Wiceminister Aleksandr Łukaszewicz zaznaczył, że w ostatnich dniach media światowe zamieściły "wiele opinii na temat użycia broni chemicznej w starciach między siłami rządowymi a bojownikami opozycji" syryjskiej.
- Stanowczo apelujemy o to, by zaprzestać upolityczniania tej nadzwyczaj poważnej kwestii i potęgowania nastrojów antysyryjskich - oświadczył wiceszef MSZ. Rosja jest poważnie zaniepokojona "oznakami przygotowywania światowej opinii publicznej do możliwości siłowej ingerencji w przedłużający się konflikt wewnętrzny w Syrii" - dodał Łukaszewicz.
Jak podkreślił, Rosja obecnie wyjaśnia i analizuje okoliczności dotyczące "informacji wywołujących szczególne obawy", mówiących o uderzeniach Izraela na cele w Syrii.
"Chemiczny" przełom?
Władze w Damaszku i rebelianci syryjscy oskarżają się nawzajem o dokonanie trzech ataków z użyciem broni chemicznej w marcu i w grudniu ub. r.

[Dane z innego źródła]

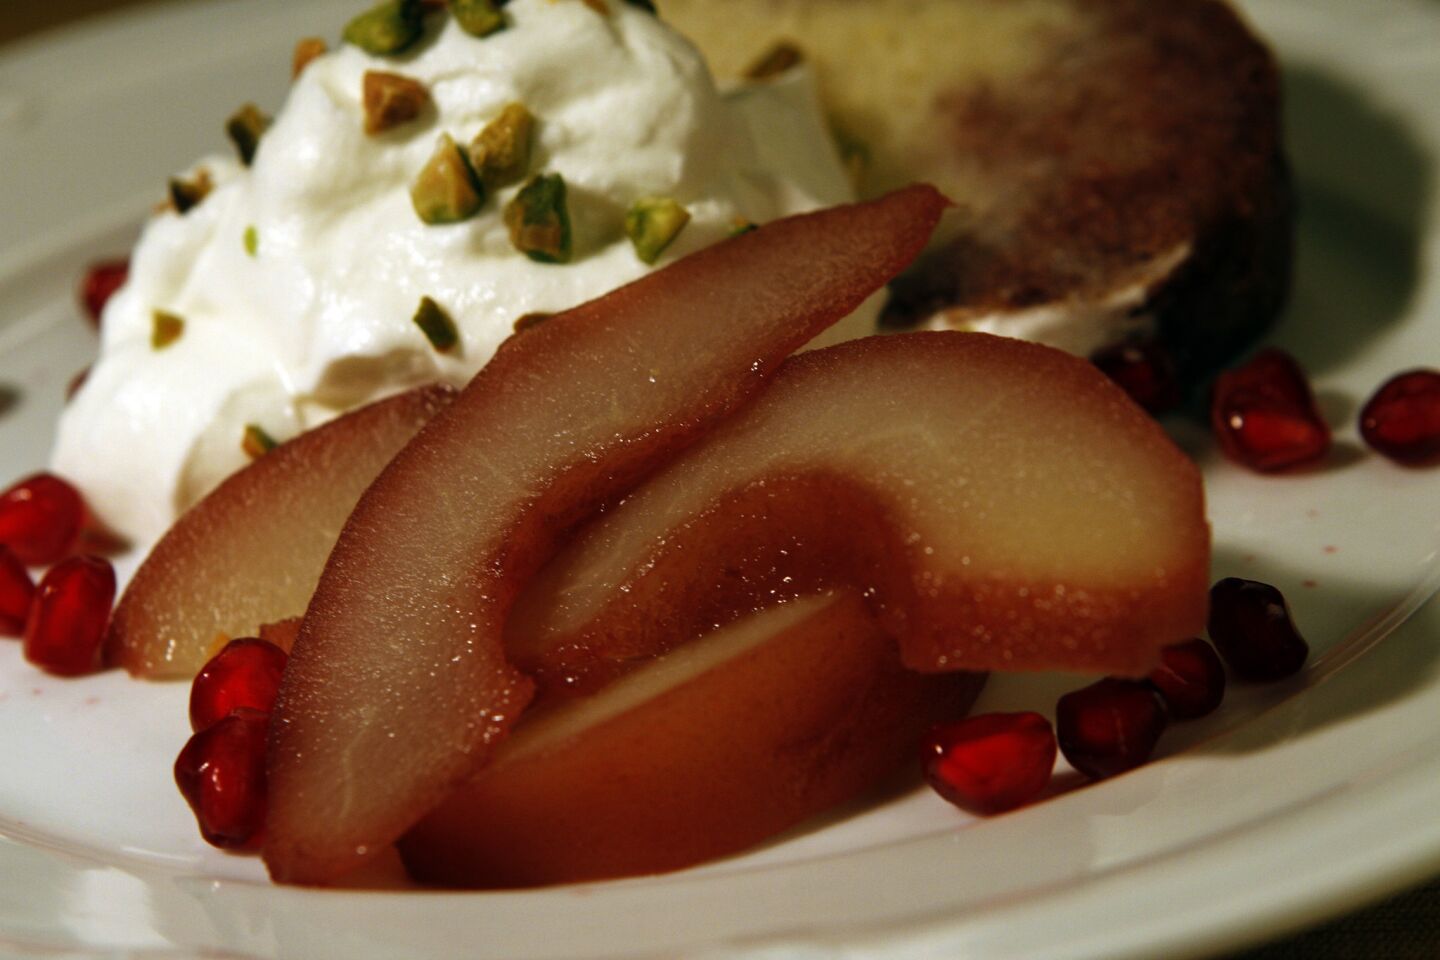 Pomegranate-poached pears

Według rządu USA istnieją "różne stopnie pewności", że bojowy gaz sarin był stosowany przez syryjskie wojska rządowe. Z kolei ONZ oświadczyła, że dysponuje zeznaniami o tym, iż sarin stosowali rebelianci. Wcześniej prezydent USA Barack Obama oznajmił, że użycie przez syryjskie wojska rządowe broni chemicznej stanowiłoby "przekroczenie czerwonej linii". Jednocześnie, w miniony piątek oświadczył, że nie przewiduje scenariusza wysłania do Syrii wojsk lądowych w USA. Według władz syryjskich w ostatnich dniach Izrael dokonał dwóch ataków lotniczych na cele wojskowe w Syrii. Informacje te nieoficjalnie potwierdziły źródła zachodnie. Wojna domowa w Syrii, która rozpoczęła się w marcu 2011 r. od fali demonstracji antyrządowych kosztowała życie ponad 70 tys. osób. Ponad milion Syryjczyków uciekło za granicę a podobna liczba uchodźców, którzy musieli opuścić swoje domy, przebywa w granicach Syrii.